Despite having had legislation that makes this type of behaviour unlawful for decades, it does still go on. Many senior managers still assume that the early years of motherhood are not compatible with top jobs. Frequently, employers will prefer to pay the woman off under a generous compromise agreement rather than complying with their duty to let the woman return to work. The terms of the compromise agreement inevitably includes confidentiality provisions and non bad mouthing clauses, ensuring that the woman does not speak about what has happened to her, except in very general and agreed terms.
Similarly, whilst legislation forces employers to consider requests for flexible working from parents, a request can often result in the glass ceiling remaining firmly above the woman’s head. One of the very common complaints we hear is that a woman has been permitted to work flexibly, only to be frustrated in their career progress.
With the intention of addressing the disparity between the numbers of men and women on boards, the report has made a number of recommendations for FTSE companies. Lord Davies stepped away from recommending quotas for the boardroom. However, it does give a description of how the quota system in Norway has worked.
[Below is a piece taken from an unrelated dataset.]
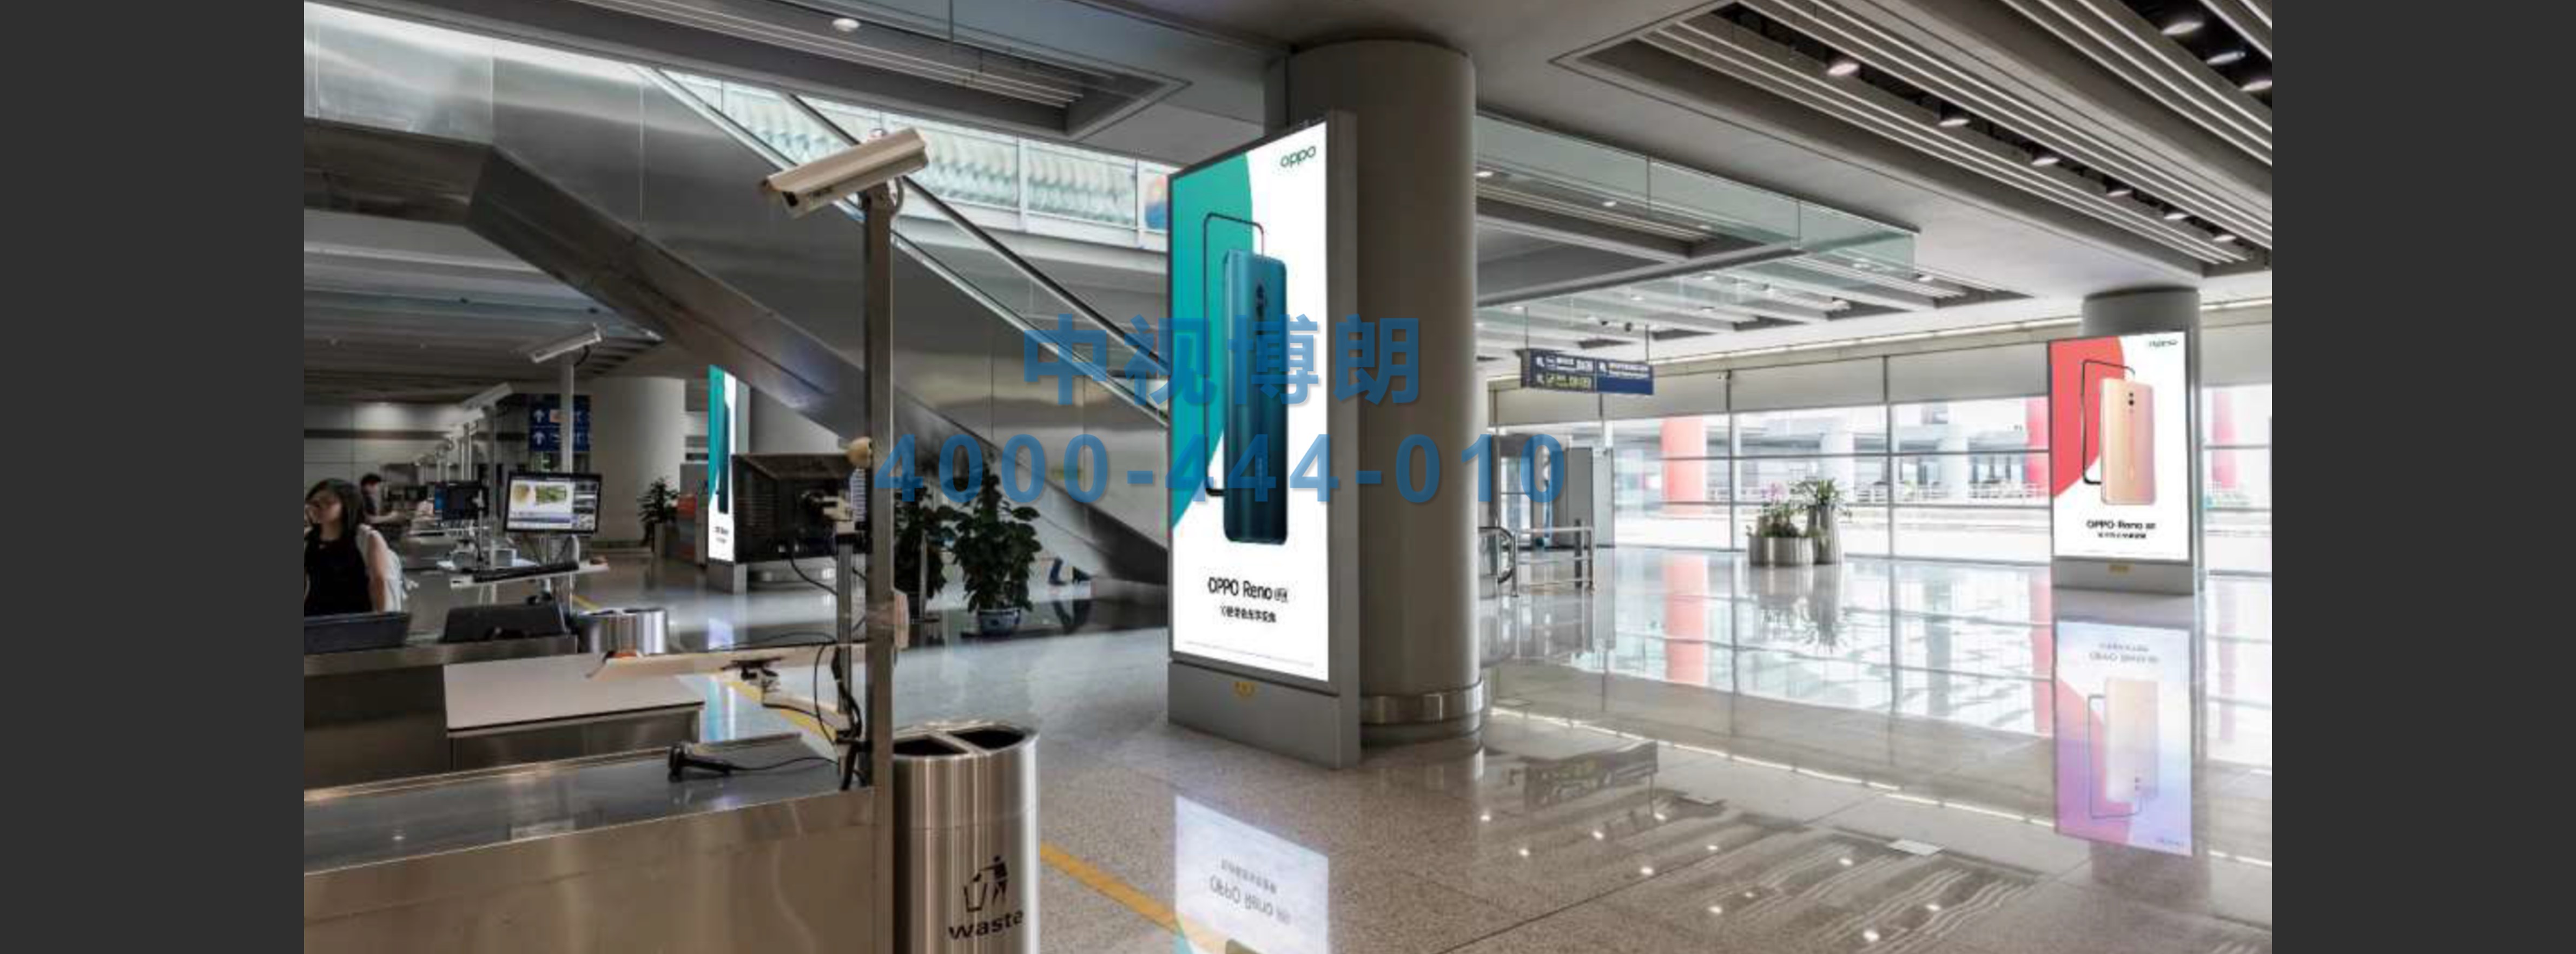 北京首都机场广告-Paired Totem Pole Lightboxes After T3 Security Check 03-04

According to the report, Norway has achieved one of the most significant increases in the representation of women on boards. 44.2% of directors today are women, having risen from just 6.8% in 2002 when 470 out of the 611 relevant companies had no female board members. Whilst the statistics sound impressive, the reality is bleaker for women. It appears that in order to achieve these results, Norwegian companies simply increased the size of boards and created non-executive director appointments. Women still only make up 2% of CEOs and only 10% of executive committee members.
The report and its recommendations can be read at your leisure. However, the main thrust of the recommendations is to make companies publish their statistics and policies. So, encouraging change by embarrassment. It also suggests that such statistics should be relevant when bidding for public projects.
What is clear is that the UK has a long way to go before gender balance in the boardroom becomes the norm.
Are you hitting the glass ceiling or have you successfully made an impact in the boardroom?
You are welcome to share your experiences or tell us how your employer encourages and supports women in senior management roles.